Перочинным ножичком из письменного набора я перерезал стягивавший стопку книг шпагат, отложил в сторону «Собрание исторических летописей от основания Акраи и до наших дней», повертел в руках «Полный генеалогический справочник Стильга» и кинул его туда же. А вот следующий томик привлек мое внимание на редкость растрепанным обрезом пожелтевших страниц.
Зачем же так зачитывать банальное и давно уже неактуальное сочинение «Становление Пакта как союза вольных городов»? Уж не использовалась ли эта книга для шифрования?
Взяв томик за корешок, я перевернул его, позволив страницам распахнуться самостоятельно, и озадаченно уставился на ровные, выведенные рукой опытного переписчика строчки.

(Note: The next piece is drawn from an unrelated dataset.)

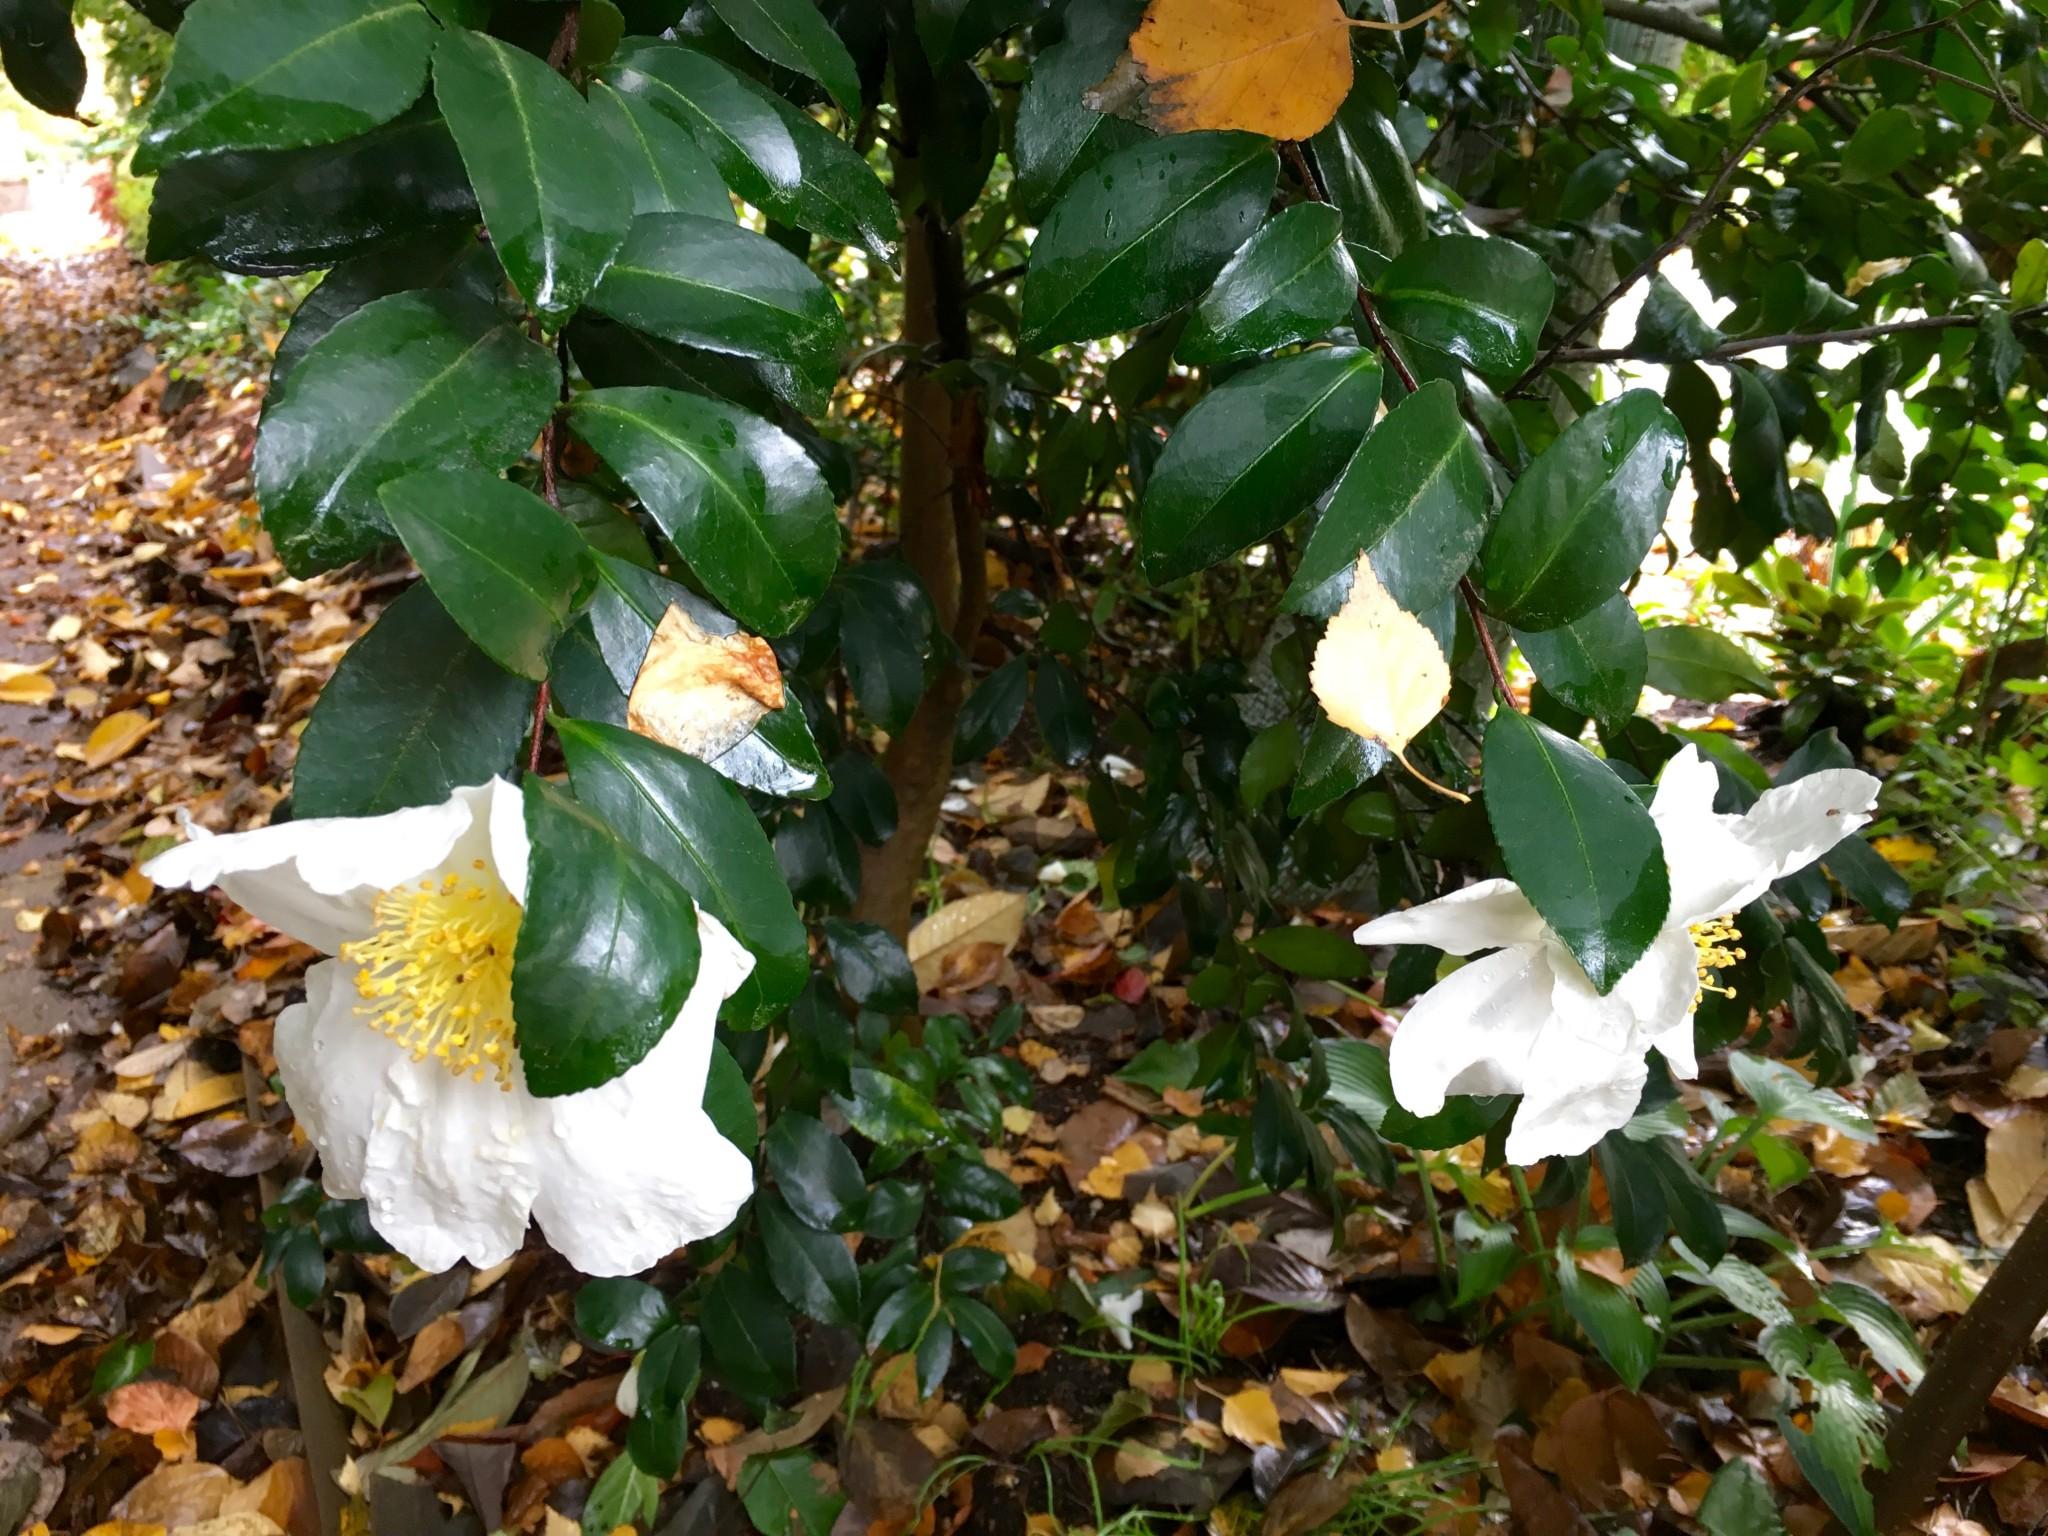 White single flower in Skidmore Woods.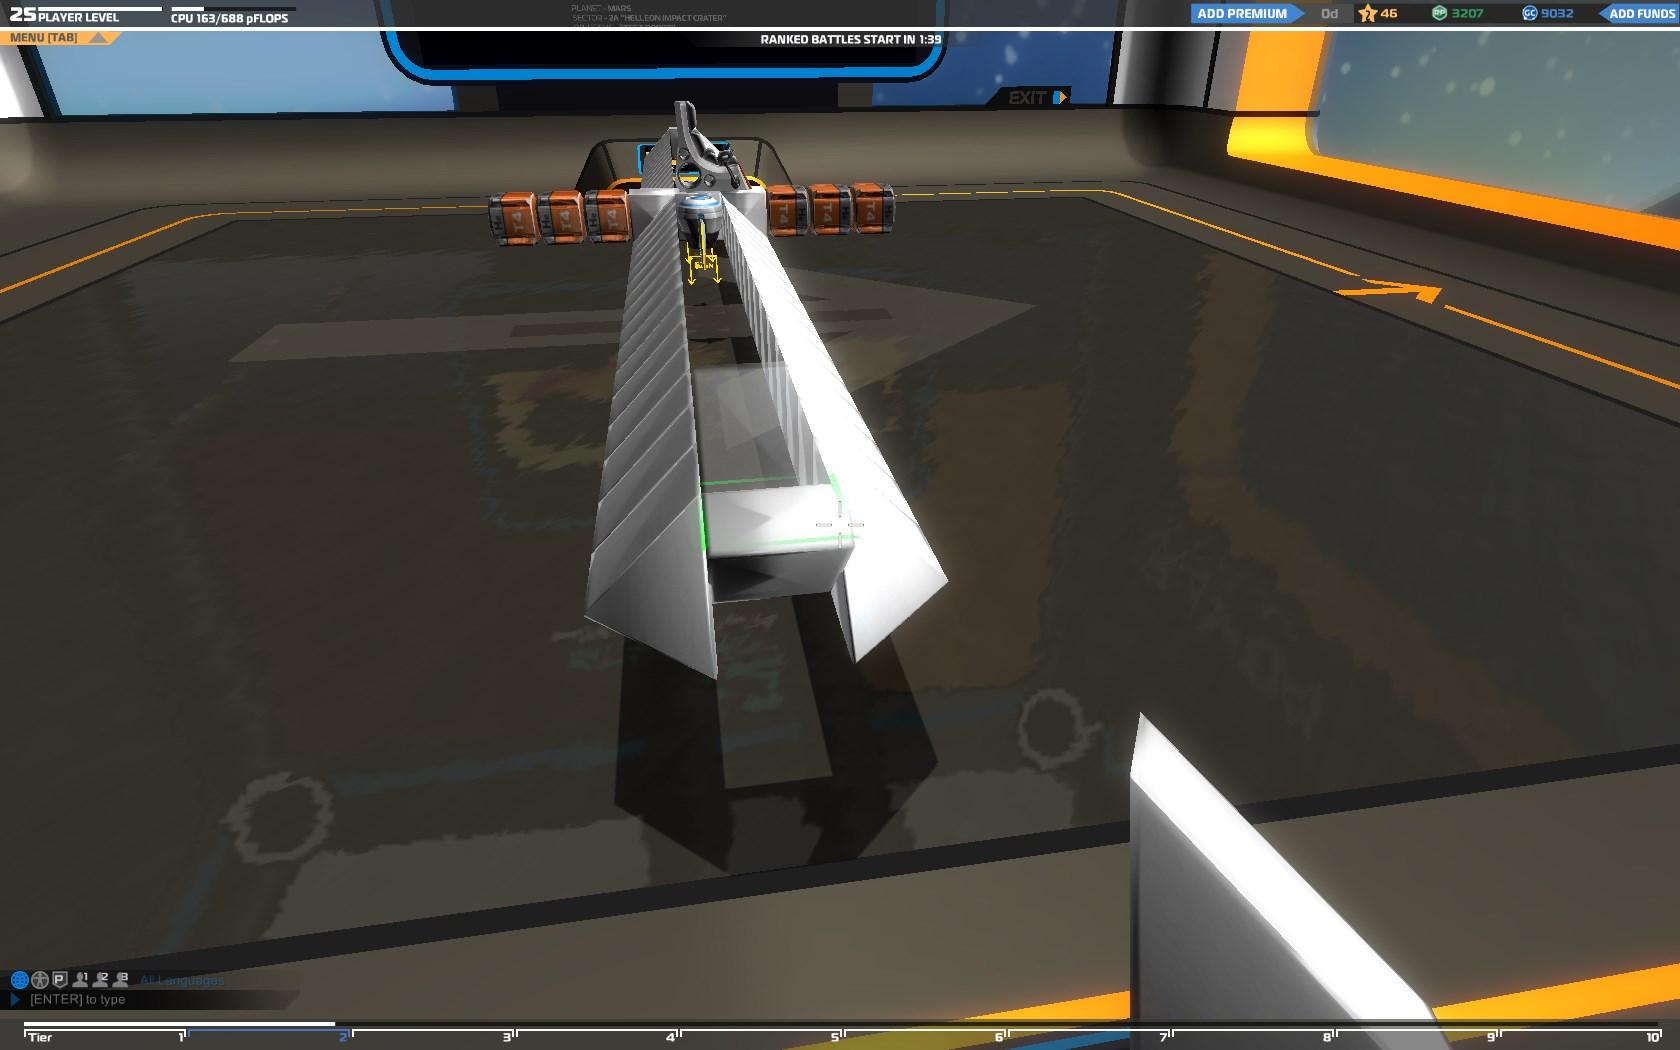 Image - Robocraft-10-03-2014 3-56-21.jpg - RoboCraft Wiki

«Есть Свет, есть Тьма и есть Бездна, что разделяет эти начала и не дает Тьме поглотить Свет, а Свету рассеять Тьму. И мир наш существует лишь до тех пор, пока сохраняется такое положение вещей. Как Свет гаснет в Пустоте, так и Тьма растворяется там.
Именно это обрекает жалкие потуги чернокнижников на неудачу, их извращенное сознание просто не способно вместить в себя столько потустороннего, чтобы преодолеть законы мироздания и открыть врата Тьме. Но родится однажды человек, способный не заблудиться в Бездне и не сгореть в безжалостном пламени Извечной Тьмы. И станет он проводником Смерти, и получит невероятное могущество, и послужит причиной гибели нашего мира.
И восстанут из могил мертвые, и станут ходить меж людей исторгнутые Пустотой бесы. И польется кровь, и будет литься она три декады и три дня, а после упадет с черных небес безжалостное пламя и сгорят города большие и малые, и смоют их прах нахлынувшие на землю волны морские. И не уцелеет никто».
Чтоб меня разорвало! Да это ведь «Пришествие Извечной Тьмы» преподобного Модеста Оражского! Списки этого труда – вещь не самая распространенная, даже в спецхранилище столичного монастыря Всех Святых его нет.
Непрост постоялец, ох непрост. И как-то совершенно не вяжутся с этим томиком мои предположения о выпивке и продажных девках.
Уж не чернокнижника ли это нора? Надо бы остальные книги пролистать.
И точно – несколько томов под неприметными обложками скрывали сочинения мистического характера, одним из которых оказался «Трактат о Высших и способностях оных порождений Бездны, написанный мастером-экзорцистом Жаком Фебе на основе личных наблюдений и бесед с адептами еретического учения Единения».
Еще одна работа, которая никак не могла попасть в руки непосвященного!
Экслибрис на внутреннем развороте переплета отсутствовал, но и так было понятно, что книга похищена из библиотеки ордена Изгоняющих.
Я отложил ее в сторону и взялся за последнее совсем уж тоненькое сочинение «Нильмара – закатная жемчужина Святых Земель», открыл его на вложенной в середину закладке и в свете лампы принялся читать подчеркнутые грифелем строки.
«Осквернитель! Учитель в великой мудрости своей никогда не произносил этого слова вслух, но я не могу и не буду скрывать правду.
Осквернитель! Именно так следует именовать не человека, но существо, которое пронзит Бездну и дотянется до самой сути Извечной Тьмы.
Кто он и как появится на свет – неведомо никому. Но без Скверны и темной волшбы рождение его невозможно.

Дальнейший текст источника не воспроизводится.